Publication Militant Leadership Monitor Afghanistan Volume 12 Issue 5

06.04.2021 Sudha Ramachandran

Hazara Militia Leader Abdul Ghani Alipoor Emerges as Counter-Weight to Taliban and Islamic State Forces in Behsud

Introduction

Around midnight on March 18, an Afghan National Defense and Security Forces (ANDSF) helicopter was shot down in the Behsud district of Afghanistan’s central Maidan Wardak province. Nine military personnel, including the pilot, were killed in the attack. The Afghan Ministry of Defense blamed the attack on Abdul Ghani Alipoor’s “militia” and promised to avenge the attack (Tolo News, March 20). Alipoor claimed responsibility for bringing down the chopper, but subsequently denied involvement in the incident (Tolo News, April 4) Military operations were launched soon after to capture Alipoor (Khaama Press, March 22). However, he remains elusive.

Also known as “Qomandan Shamsher” (or Commander Sword), Abdul Ghani Alipoor is of ethnic Shia Hazara origin. His militia of Hazara fighters was reportedly set up to defend their community against the Taliban and Islamic State Khorasan (IS-K), the local affiliate of the global jihadist group (Tolo News, March 21). So why is the Afghan government, which is also fighting the Taliban and IS-K, opposed to Alipoor?

Growing Threat

Little is known of Alipoor’s early background. He was reportedly a commander in the Abdul Ali Mazari faction of the Hizb-e-Wahdat-e-Islami Afghanistan, which was an armed group of Hazaras that formed during the Soviet occupation of the country. When the Hamid Karzai government initiated a program for disbandment of illegal armed groups in 2004, Alipoor surrendered his weapons and worked as a driver on the Kabul-Behsud route (Tolo News, March 21). Taliban attacks on Hazaras and clashes between Hazaras and the nomadic Kochis in Behsud and Daimirdad districts reportedly prompted him to pick up arms again in 2014. The following year, he set up the Jabha-ye Moqawamat (Resistance Force), a “public uprising force” of around 150 men. This group is said to be active in Ghor, Daikundi, Ghazni and Maidan Wardak provinces, where it supports locals against Taliban abductions and attacks (Tolo News, November 27, 2018). The group has also engaged in violence against unarmed people—for instance, abducting and beating people (Pajhwok, June 23, 2020).
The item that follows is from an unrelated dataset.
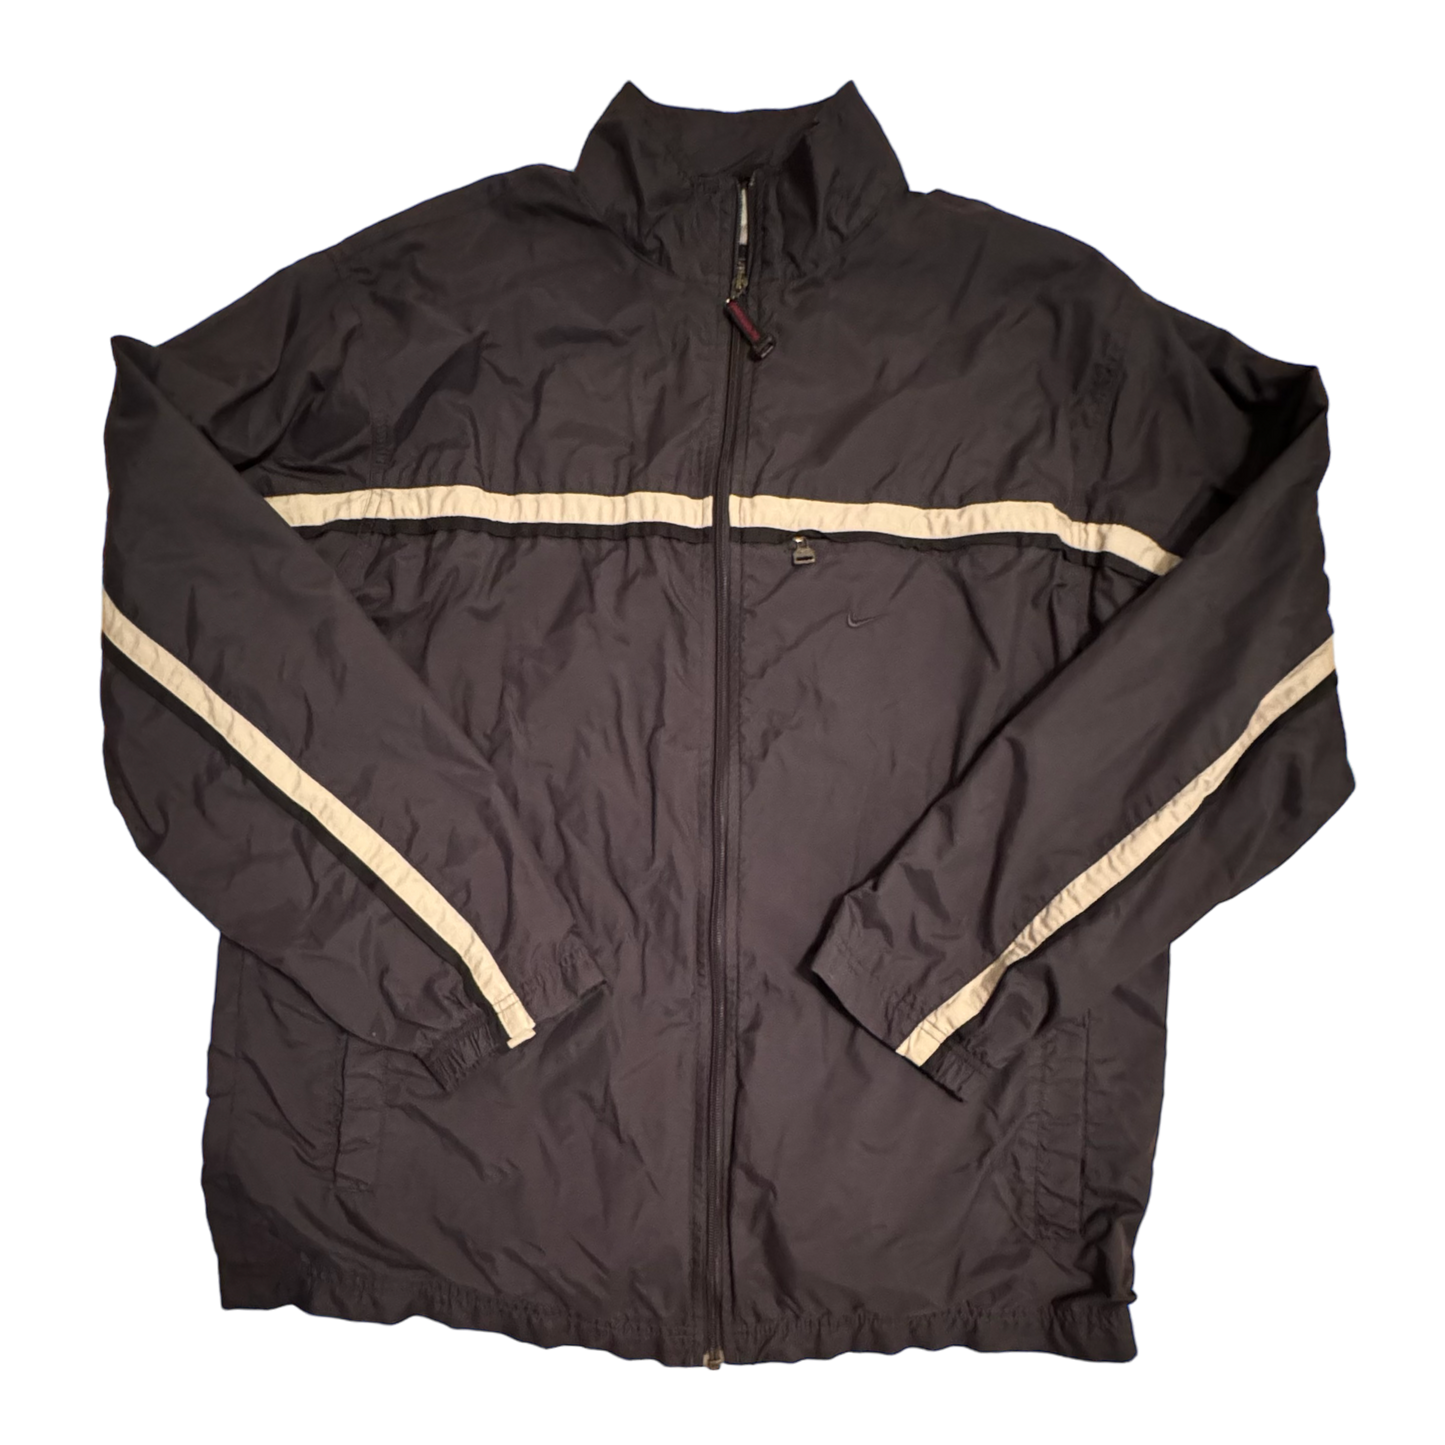 Nike - Grey/Black Vintage 90s Full Zip Windbreaker Jacket

In November 2018, Afghan intelligence officials arrested Alipoor in Kabul for running an illegal militia, attacking security forces, engaging in extortion and blackmail and arming criminals (The Hindu, December 1, 2016). His arrest triggered demonstrations, where protestors called for his release. Violent clashes broke out between his supporters and the police in several cities, including Kabul, Bamiyan and Mazar-e-Sharif (Tolo News, November 25, 2018). The violence forced the government to free him two days later (Tolo News, November 27, 2018).
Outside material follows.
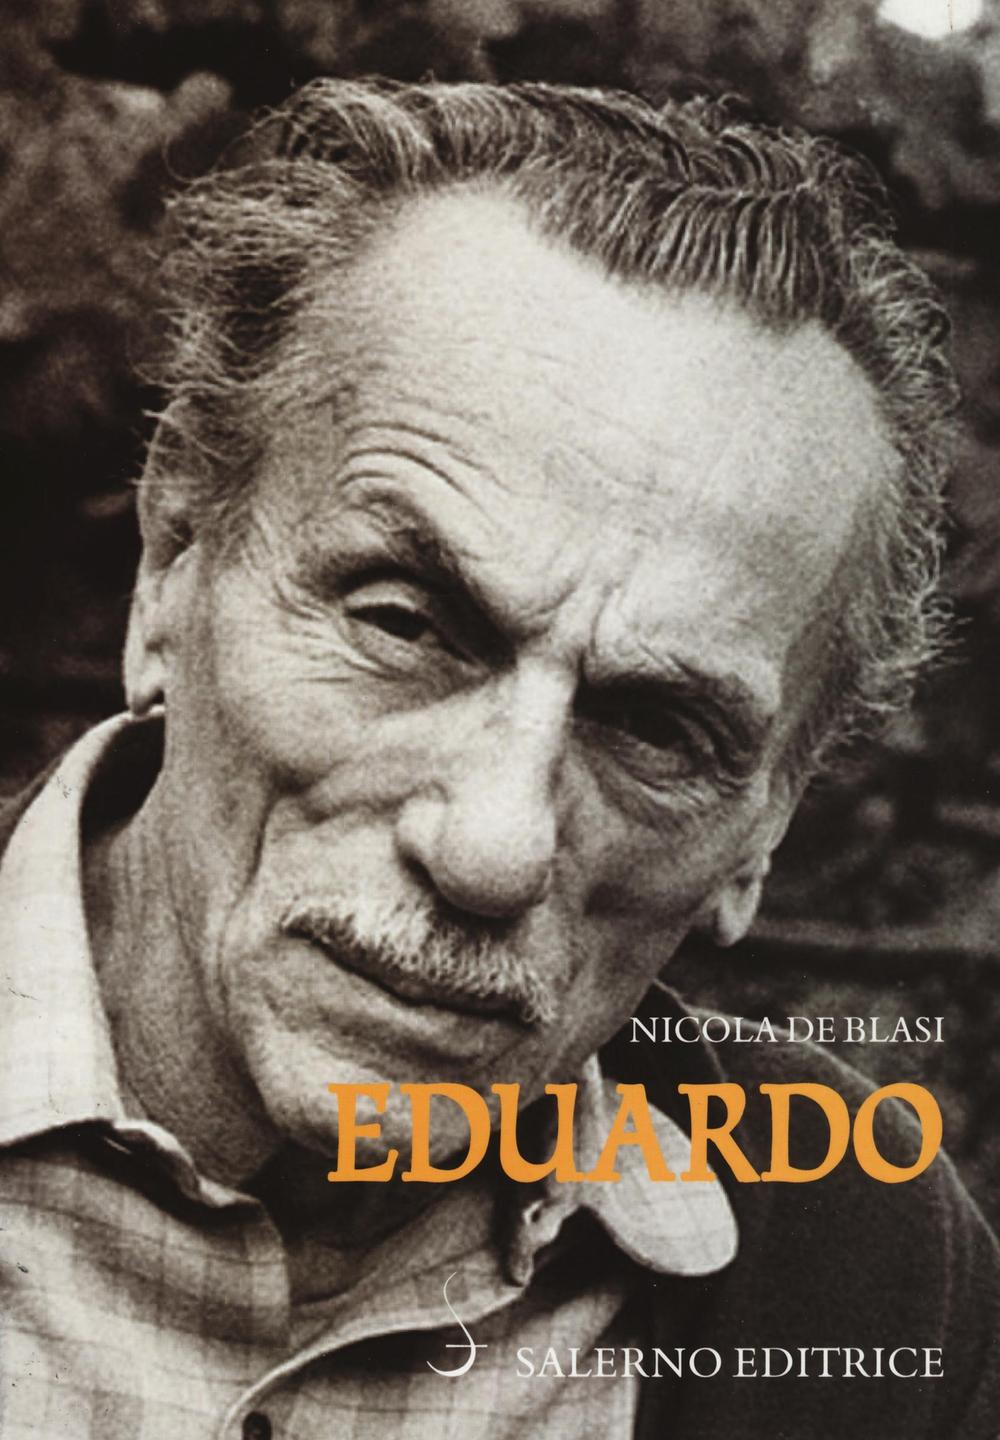 Libri De Blasi Nicola - Eduardo NUOVO SIGILLATO, EDIZIONE DEL 10/11/2016 SUBITO DISPONIBILE

In the years since, clashes between Alipoor’s fighters and Afghan security forces have grown in frequency and intensity of violence. His militia is said to have carried out several attacks on ANDSF checkpoints in Behsud district (Ariana News, September 6, 2020). At the end of January, Alipoor’s fighters clashed with police over the appointment of new police commanders in Behsud district (Tolo News, February 3). Six weeks later, his militia shot down the military helicopter, its most audacious attack on the state to date.

Threat to Afghan Security

Alipoor has many critics in Afghanistan. Afghan journalist Sami Yousafzai describes him as “a threat to Afghanistan’s security and national unity.” He has directed violent attacks against the Kochis, a nomadic Ghilji Pashtun community that visits the Hazara-dominated areas in the central highlands during the summer months, Yousafzai said, adding that such attacks strain relations between ethnic groups and “weaken national unity.” Importantly, Alipoor has “challenged the writ of the Afghan state,” Yousafzai said. The threat Alipoor poses to state security is augmented by “his links with foreign powers like Iran,” claimed Yousafzai. [1] According to intelligence reports cited in the Afghan media, the missile that brought down the military helicopter was provided by Iran (Afghanistan Times, May 25).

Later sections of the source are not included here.